*Goal of the exercise*.
Copy the entries exactly, leaving out nothing.

*Data to use*.
-----

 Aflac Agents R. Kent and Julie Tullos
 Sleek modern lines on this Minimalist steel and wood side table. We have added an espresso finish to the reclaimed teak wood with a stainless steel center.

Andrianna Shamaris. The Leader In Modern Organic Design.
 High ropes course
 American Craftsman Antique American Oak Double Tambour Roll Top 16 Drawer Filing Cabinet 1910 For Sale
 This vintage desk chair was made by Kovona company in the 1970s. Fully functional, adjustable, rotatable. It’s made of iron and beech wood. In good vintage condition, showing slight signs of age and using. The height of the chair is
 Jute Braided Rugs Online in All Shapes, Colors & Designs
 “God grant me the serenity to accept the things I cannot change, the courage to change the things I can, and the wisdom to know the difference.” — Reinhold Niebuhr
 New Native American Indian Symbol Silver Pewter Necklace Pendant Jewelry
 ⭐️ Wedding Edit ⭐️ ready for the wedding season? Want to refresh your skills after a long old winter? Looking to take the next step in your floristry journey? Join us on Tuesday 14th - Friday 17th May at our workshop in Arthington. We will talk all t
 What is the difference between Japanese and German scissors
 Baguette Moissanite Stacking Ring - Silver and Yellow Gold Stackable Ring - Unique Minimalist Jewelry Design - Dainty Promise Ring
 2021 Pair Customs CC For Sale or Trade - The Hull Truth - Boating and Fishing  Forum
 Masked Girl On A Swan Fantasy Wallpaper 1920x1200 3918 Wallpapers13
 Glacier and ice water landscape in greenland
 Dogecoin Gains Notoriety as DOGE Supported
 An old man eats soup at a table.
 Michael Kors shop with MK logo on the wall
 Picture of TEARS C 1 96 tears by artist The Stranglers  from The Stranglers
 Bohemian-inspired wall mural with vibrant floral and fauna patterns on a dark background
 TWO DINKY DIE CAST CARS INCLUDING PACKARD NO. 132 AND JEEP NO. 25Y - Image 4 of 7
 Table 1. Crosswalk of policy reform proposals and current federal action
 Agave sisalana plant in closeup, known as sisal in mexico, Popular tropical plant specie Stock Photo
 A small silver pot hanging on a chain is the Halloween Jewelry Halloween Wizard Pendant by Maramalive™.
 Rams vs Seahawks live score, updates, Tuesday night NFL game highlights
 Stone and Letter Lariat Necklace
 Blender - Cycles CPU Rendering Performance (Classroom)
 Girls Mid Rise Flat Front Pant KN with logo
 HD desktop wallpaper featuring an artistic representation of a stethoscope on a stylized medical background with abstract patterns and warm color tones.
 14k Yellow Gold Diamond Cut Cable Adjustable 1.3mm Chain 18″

-----

*Answer area*.
 Aflac Agents R. Kent and Julie Tullos
 Sleek modern lines on this Minimalist steel and wood side table. We have added an espresso finish to the reclaimed teak wood with a stainless steel center.

Andrianna Shamaris. The Leader In Modern Organic Design.
 High ropes course
 American Craftsman Antique American Oak Double Tambour Roll Top 16 Drawer Filing Cabinet 1910 For Sale
 This vintage desk chair was made by Kovona company in the 1970s. Fully functional, adjustable, rotatable. It’s made of iron and beech wood. In good vintage condition, showing slight signs of age and using. The height of the chair is
 Jute Braided Rugs Online in All Shapes, Colors & Designs
 “God grant me the serenity to accept the things I cannot change, the courage to change the things I can, and the wisdom to know the difference.” — Reinhold Niebuhr
 New Native American Indian Symbol Silver Pewter Necklace Pendant Jewelry
 ⭐️ Wedding Edit ⭐️ ready for the wedding season? Want to refresh your skills after a long old winter? Looking to take the next step in your floristry journey? Join us on Tuesday 14th - Friday 17th May at our workshop in Arthington. We will talk all t
 What is the difference between Japanese and German scissors
 Baguette Moissanite Stacking Ring - Silver and Yellow Gold Stackable Ring - Unique Minimalist Jewelry Design - Dainty Promise Ring
 2021 Pair Customs CC For Sale or Trade - The Hull Truth - Boating and Fishing  Forum
 Masked Girl On A Swan Fantasy Wallpaper 1920x1200 3918 Wallpapers13
 Glacier and ice water landscape in greenland
 Dogecoin Gains Notoriety as DOGE Supported
 An old man eats soup at a table.
 Michael Kors shop with MK logo on the wall
 Picture of TEARS C 1 96 tears by artist The Stranglers  from The Stranglers
 Bohemian-inspired wall mural with vibrant floral and fauna patterns on a dark background
 TWO DINKY DIE CAST CARS INCLUDING PACKARD NO. 132 AND JEEP NO. 25Y - Image 4 of 7
 Table 1. Crosswalk of policy reform proposals and current federal action
 Agave sisalana plant in closeup, known as sisal in mexico, Popular tropical plant specie Stock Photo
 A small silver pot hanging on a chain is the Halloween Jewelry Halloween Wizard Pendant by Maramalive™.
 Rams vs Seahawks live score, updates, Tuesday night NFL game highlights
 Stone and Letter Lariat Necklace
 Blender - Cycles CPU Rendering Performance (Classroom)
 Girls Mid Rise Flat Front Pant KN with logo
 HD desktop wallpaper featuring an artistic representation of a stethoscope on a stylized medical background with abstract patterns and warm color tones.
 14k Yellow Gold Diamond Cut Cable Adjustable 1.3mm Chain 18″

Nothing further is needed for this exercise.